PWJ事務所での彼の仕事は、プログラムオフィサー兼通訳。流暢な英語は、マイアミでの大学留学と通信会社勤務、計十年の間に培われました。ジェフは初めてのNGO勤務を気に入っています。「チームも、組織内の効率的な仕事のやり方も素晴らしい」とは、彼の言葉。
 彼がPWJの仕事をしていて特に喜びを感じるのは、物品配布の時に受益者の喜ぶ顔を見ること。「残念ながら、配布できる物品の数は限られているし、テントの中はサウナみたいだったけれど」と私が感想をもらすと、「どの組織だって、国民全員に平等に物品配布するなんて不可能だ。テントだって長期使用が目的じゃない。僕はPWJの仕事に満足しているよ」そう言ってジェフは静かに笑いました。
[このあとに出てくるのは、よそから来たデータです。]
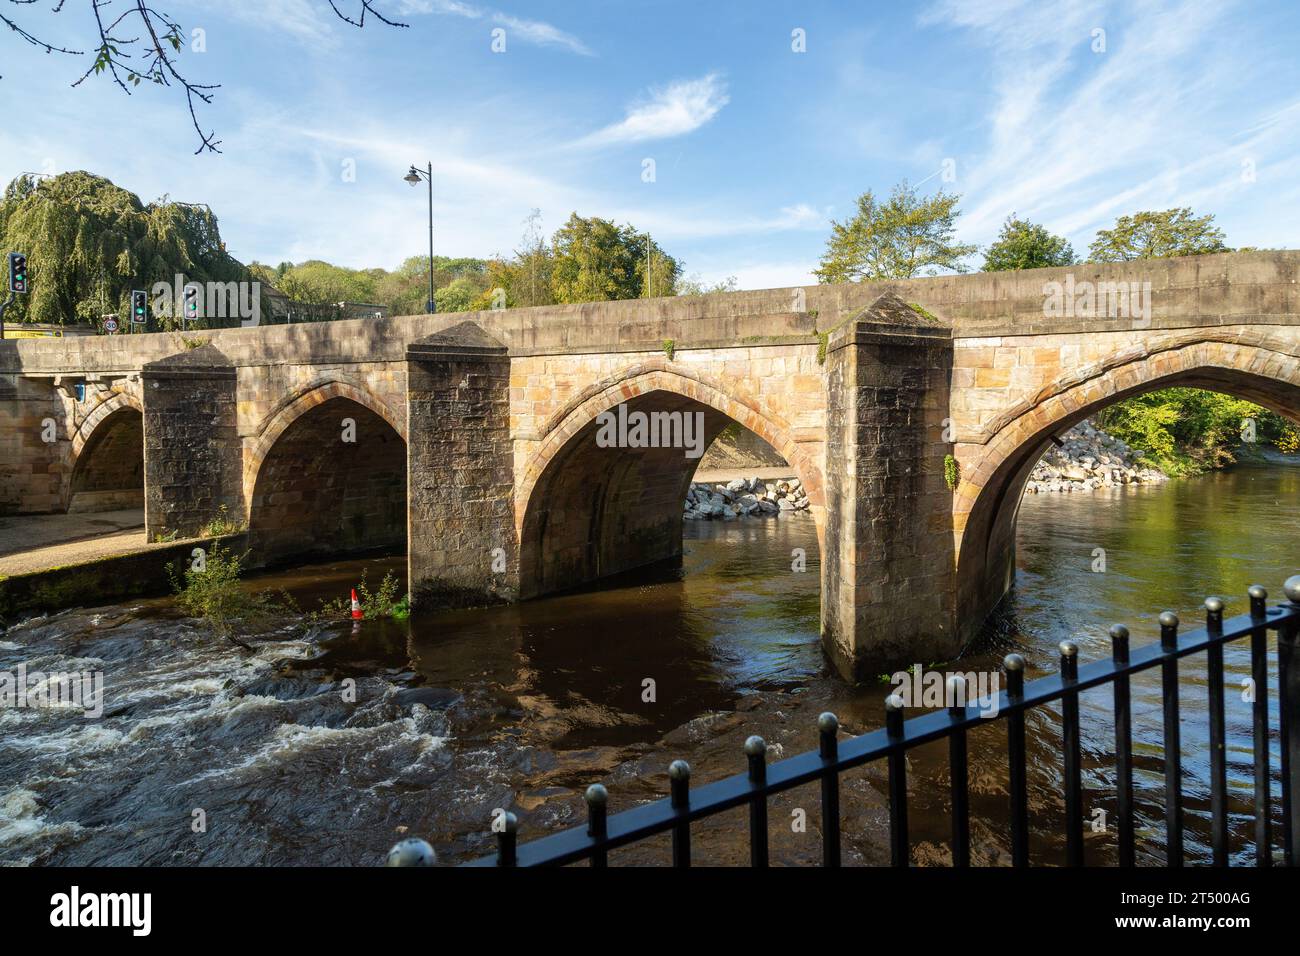 Matlock Bridge also known as Derwent Bridge, is a stone bridge spanning the River Derwent in Matlock town centre, Derbyshire, England Stock Photo

 震災後のハイチでは国際支援団体がひしめき合っており、道路では国連など団体のロゴを貼った車とたびたびすれ違います。そんな外国の支援について、ジェフは「うまくやっているところもあるし、もう少し頑張ってほしいところもあるね。特定の地域でのみ事業を実施し、その後拡大展開をしないプロジェクトもあって、そういうところにはもっと頑張ってほしいと感じることもあるよ」との感想を話してくれました。
 これからハイチで必要になってくる支援は、長期居住可能な住居を建設すること。ただ、建設にあたっては政府の土地管理や耐震制度の確立が不可欠、そうジェフは話を続けました。
 ジェフの家族は妻と3歳になる娘がひとり。住んでいた家は被災しましたが、幸い家族は全員無事でした。今は、別の家で家族と妻の双子の姉の4人で暮らしています。ハイチが震災から立ち直ったら、ジェフは家族の事業を復活させたいと願っています。3歳になる娘のためにも、安定した経済基盤を確保したいのです。
 「ハイチの将来に期待するものは?」と尋ねたとき、彼は饒舌になります。「教育や農業、観光業に力を入れるべきだ。教育を最初にあげるのは、教育を受けることでよりよい仕事をすることができるようになるから。治安改善も大事だね。観光業には不可欠。それから、電気代が高い現状もどうにかすべきだよ。ハイチは一年の半分が雨季だから、水力発電の発展の可能性があるし、風が強い地域もあるから、風力発電も有効だ。日差しが強いからそれぞれの家庭でソーラーパネルをつけるのも手だね。ハイチは電気代が高いから、こういった自然発電にもっと力を入れるべきだよ。ブラジルなどの近隣諸国から技術を学べればいいね。政府には頑張ってもらわないと。」ジェフの言葉からハイチの輝く明日が透けて見えました。